Further, the image display device 10 has a form in which an image is projected to both eyes of the device user 20 and a form in which only one eye is projected. Although it is assumed in FIG. 2 that the image is projected to only one eye, when projecting to both eyes, two projection units 2007 are provided so that the light from the modulator 2005 enters the left and right eyes. To configure. Alternatively, the entire image display unit 1001 may be configured to have two for the right eye and one for the left eye, and different images with parallax may be projected to form a stereoscopic image.

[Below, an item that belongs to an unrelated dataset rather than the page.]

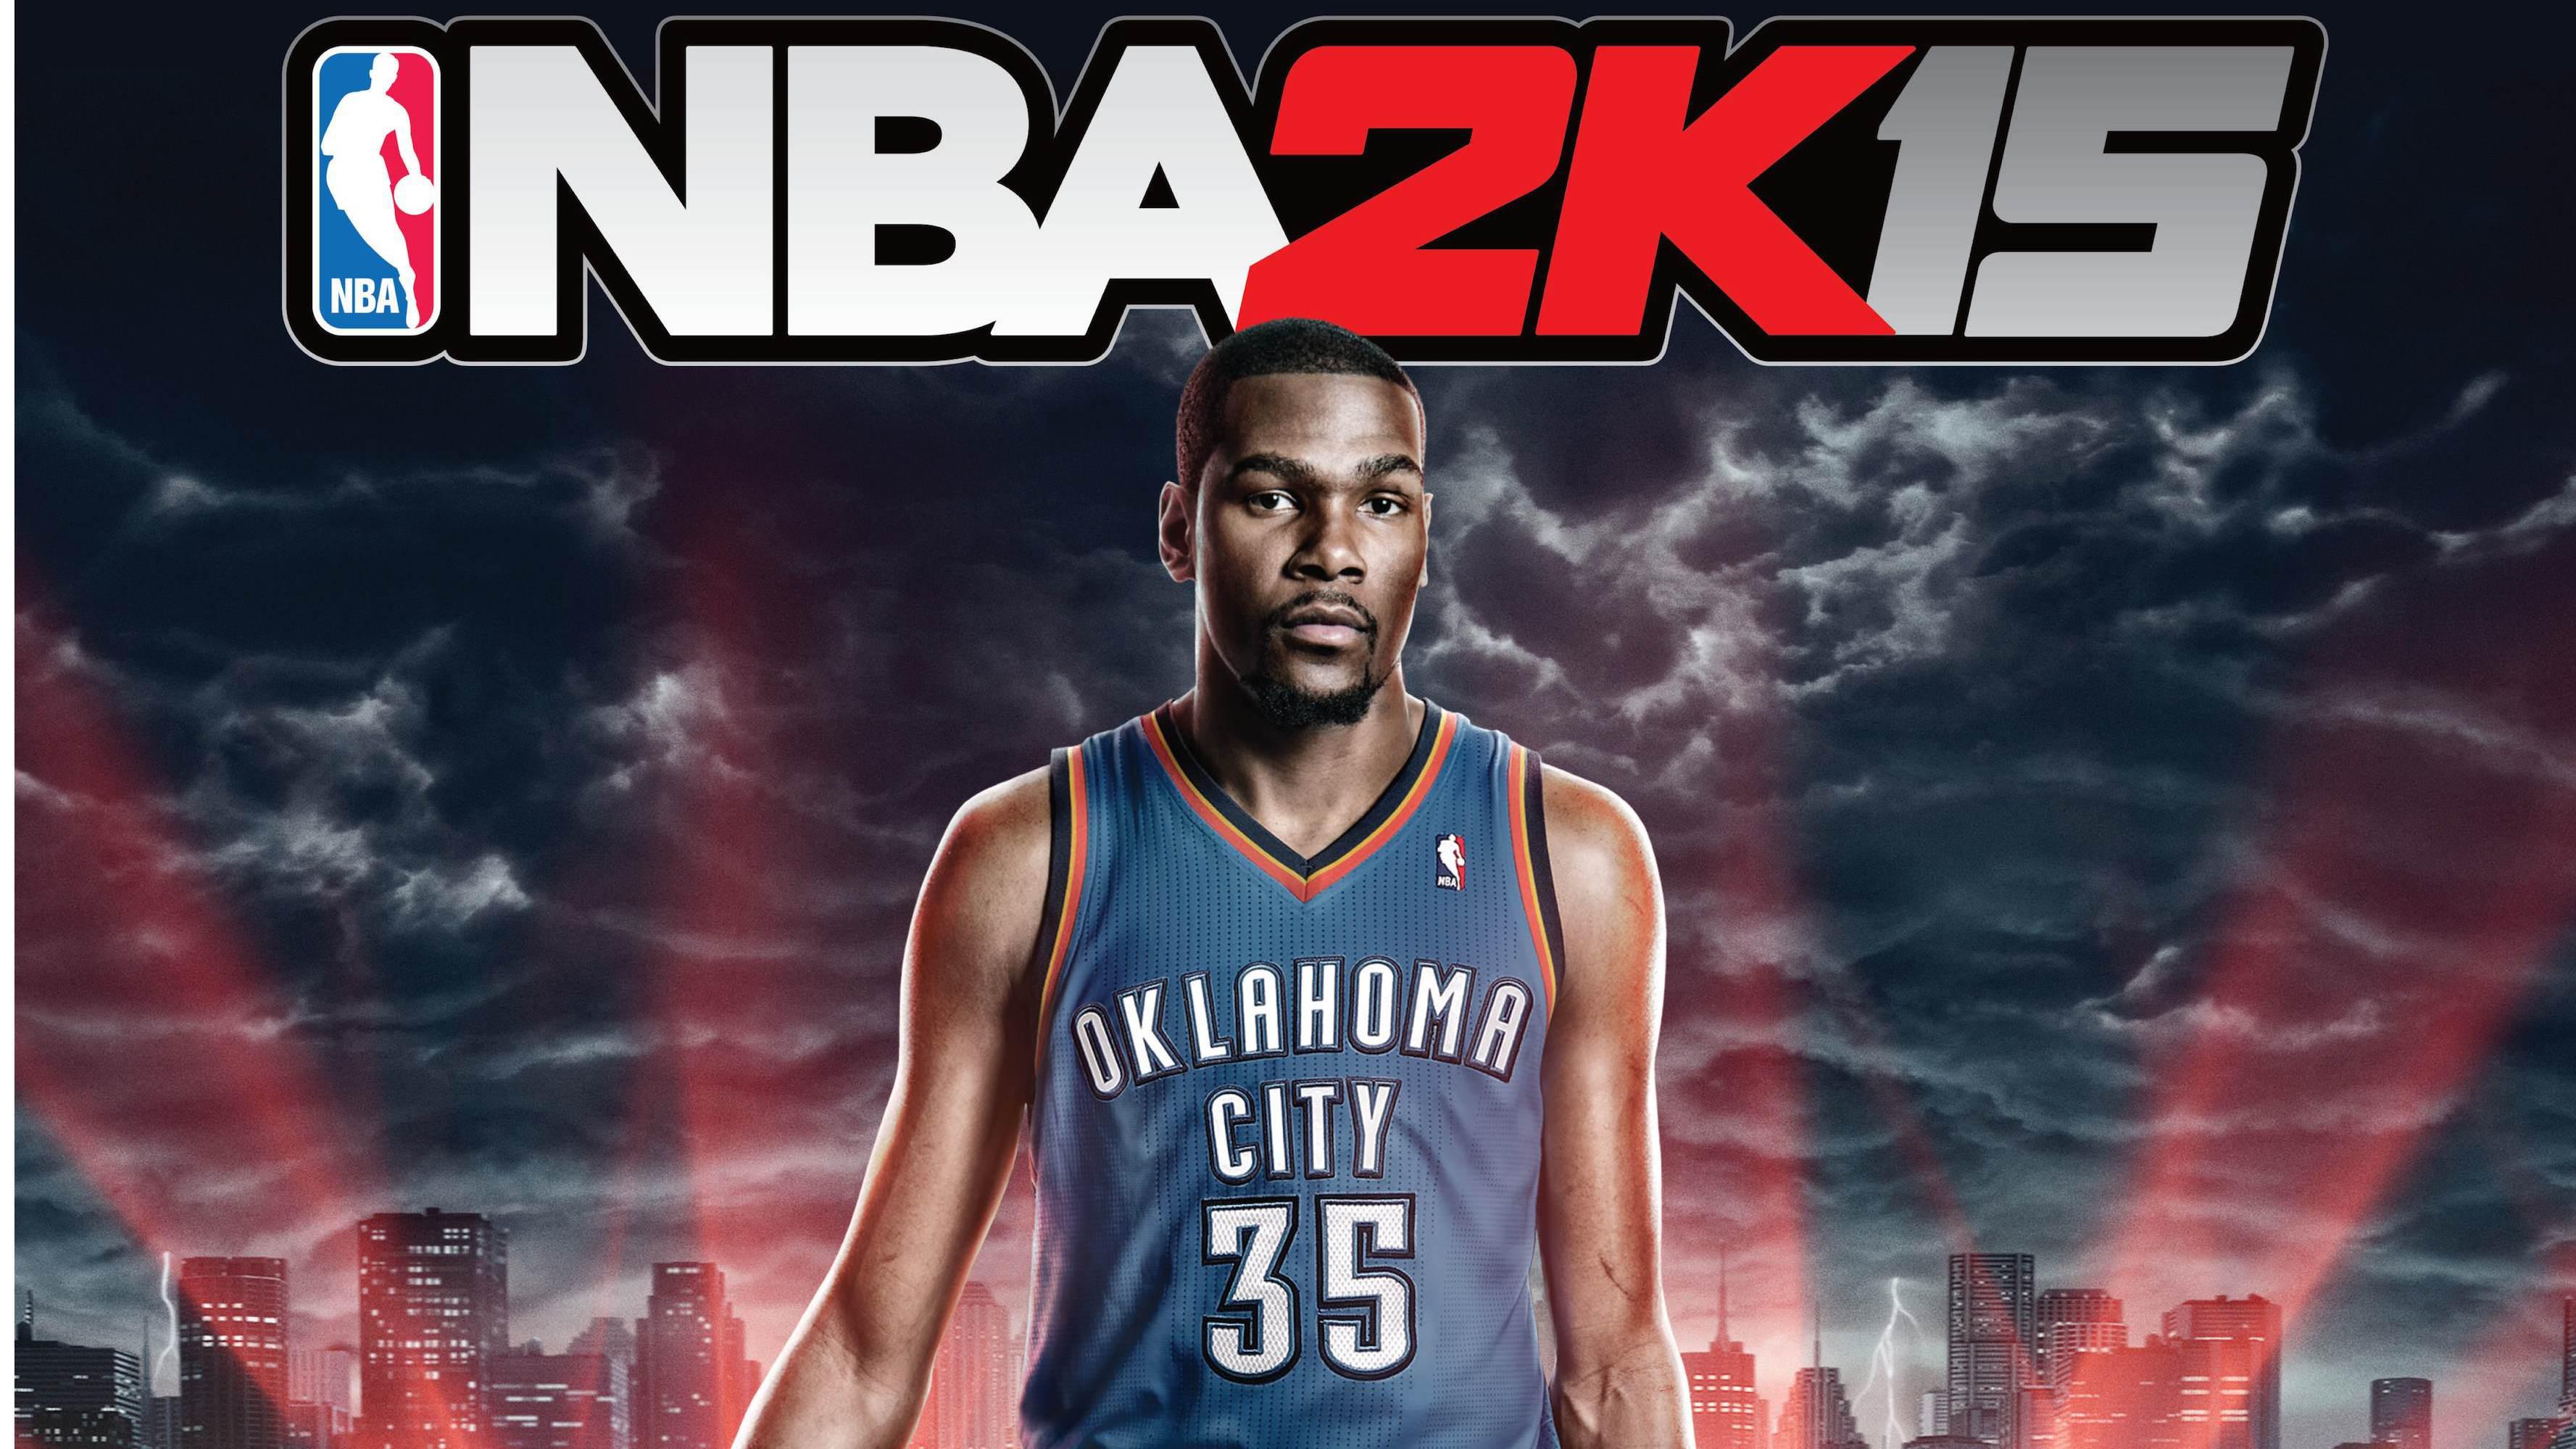 Kevin Durant NBA 2K15 wallpaper,games HD wallpaper,2015 HD

When the device user 20 observes the light from the projection unit 2007, the light according to the input image information can be recognized as an image.
The setting control unit 2008 can receive the control signal and change the setting of the video signal processing unit 2001.

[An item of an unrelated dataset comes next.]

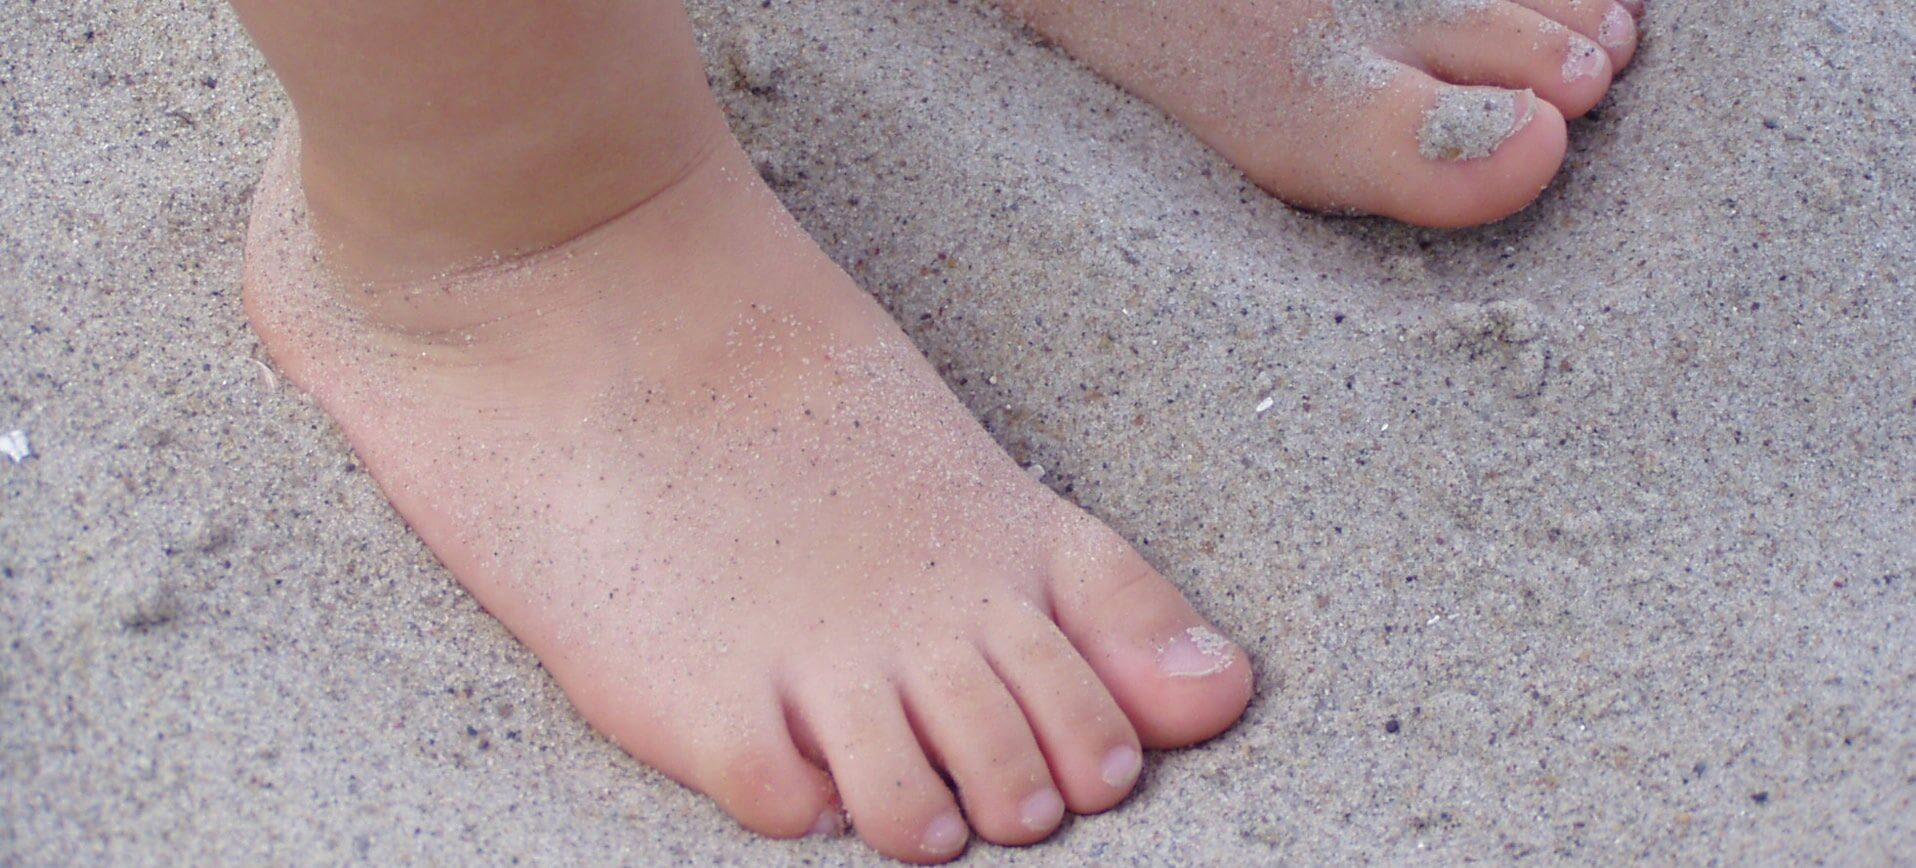 کف پای صاف شدید در کودکی نشان از بروز یک مشکل دارد

The image display unit 1001 has two or more display methods for displaying an image. The display method is illustrated in FIGS. 4A, 4B, 4C, and 4D. The video information is treated as moving picture information in which, for example, N still images per second are arranged in a predetermined order on average, and N is a positive number of 1 or more. At this time, N is called a frame rate, and is expressed in frames per second (fps) as the number of still images per second. A frame rate of 30 fps or 60 fps is commonly used at present. In the example of FIG. 4, the display count of the video display unit 1001 is changed with respect to the frame rate of the video information.

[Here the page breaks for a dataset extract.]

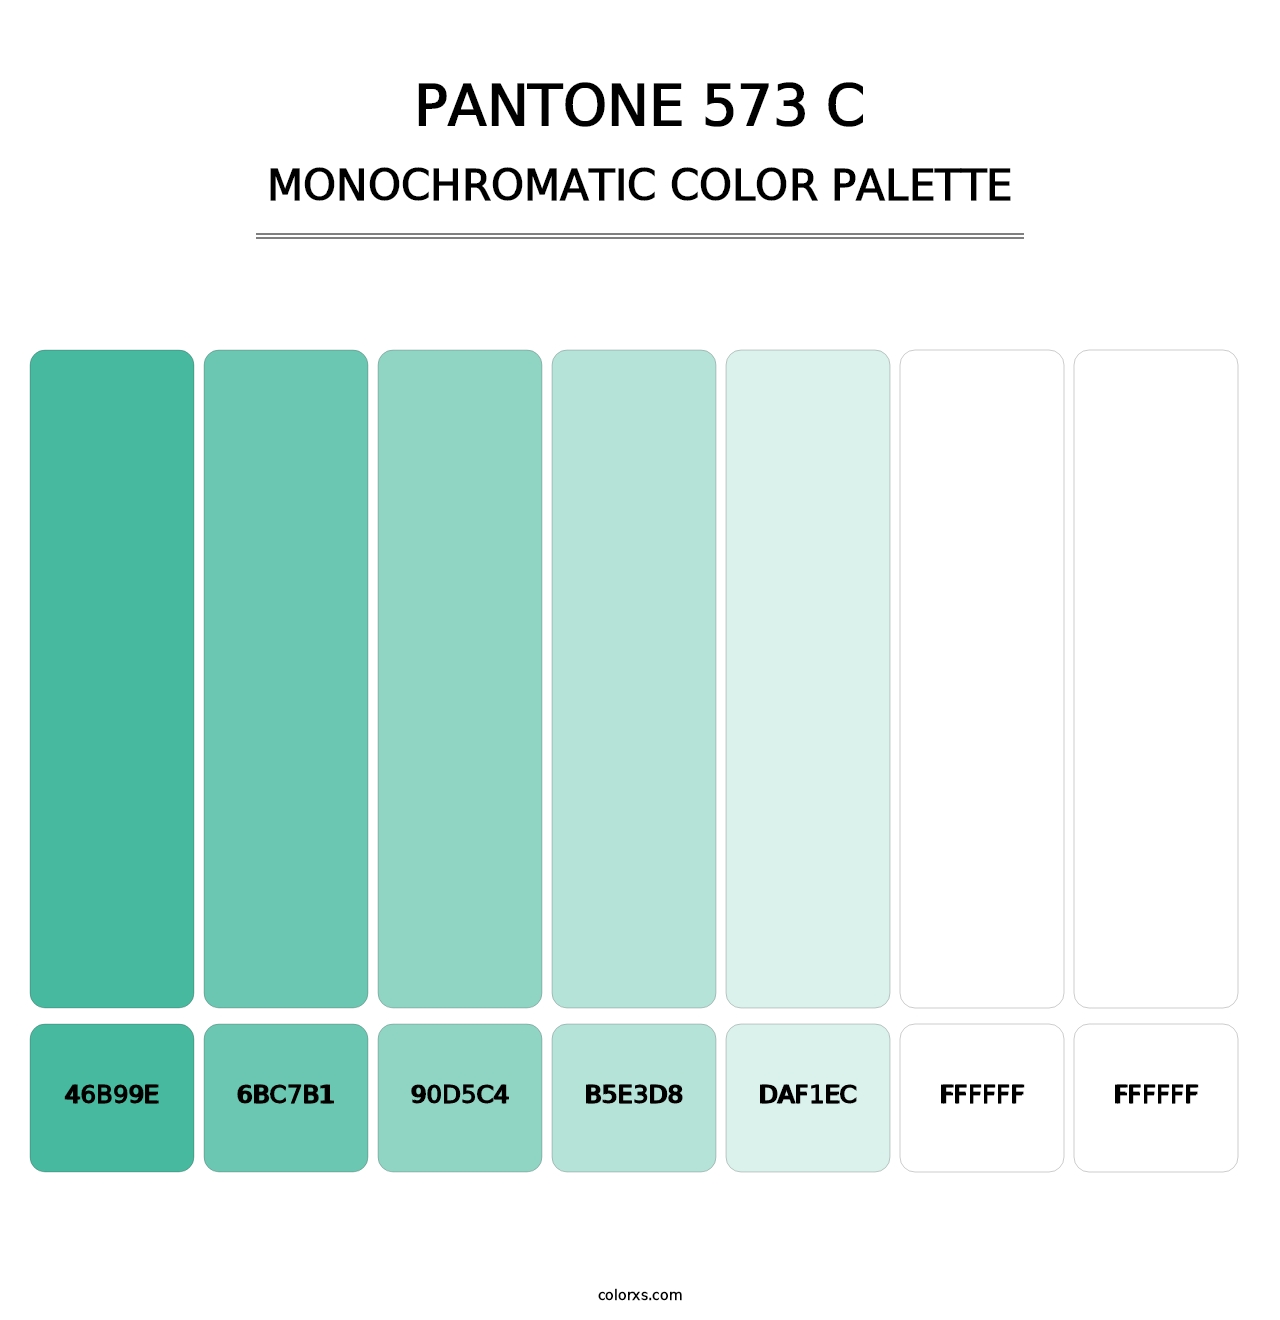 PANTONE 573 C - Monochromatic Color Palette

FIG. 4A illustrates the first display method. In the first display method, the video display unit 1001 changes the display video once per 1/N seconds with respect to the frame rate N. The displayed image is called a frame.

In this embodiment, the field sequential method (color time division method) will be described as an example. That is, with respect to the display of one frame, the image display unit 1001 divides the image information into the primary color components of red, green, and blue, and displays the image of each color component separately within the time obtained by further dividing 1/N second into three. ..

For example, at the beginning of the display period of the frame 1, the display of the modulator 2005, which is the LCOS, is set to correspond to the red component divided from the image information of the frame 1 (1R), and the red LED 3001 is shorter than 1/(3N) seconds. It emits light for a predetermined time (period 1R). Next, the modulator 2005 is set to the setting (1G) corresponding to the green component of the frame 1, and the green LED 3002 emits light for a predetermined time (period 1G) shorter than 1/(3N) seconds. Further, the modulator 2005 is set to the setting (1B) corresponding to the blue component of the frame 1, and the blue LED 3003 emits light for a predetermined time (period 1B) shorter than 1/(3N) seconds. By sequentially displaying each color component at high speed, an observer wearing the apparatus recognizes it as a full-color image in which the three primary color components are mixed.

Such display of each color component is similarly performed on the frames 2 and 3 of the display image. 4A to 4D, the description is given up to the frame 3, but the same processing is repeatedly executed for the subsequent frames.

FIG. 4B illustrates the second display method. In the second display method, as compared with the first display method of FIG. 4A, the display time of each color component of the modulator 2005 for each frame is further divided into two, and 1/N seconds corresponding to the frame rate N of the display video. One color component is displayed in a period divided into six. This second display method is referred to as double-speed driving because the modulator 2005 is driven at a double update speed as compared with the first display method.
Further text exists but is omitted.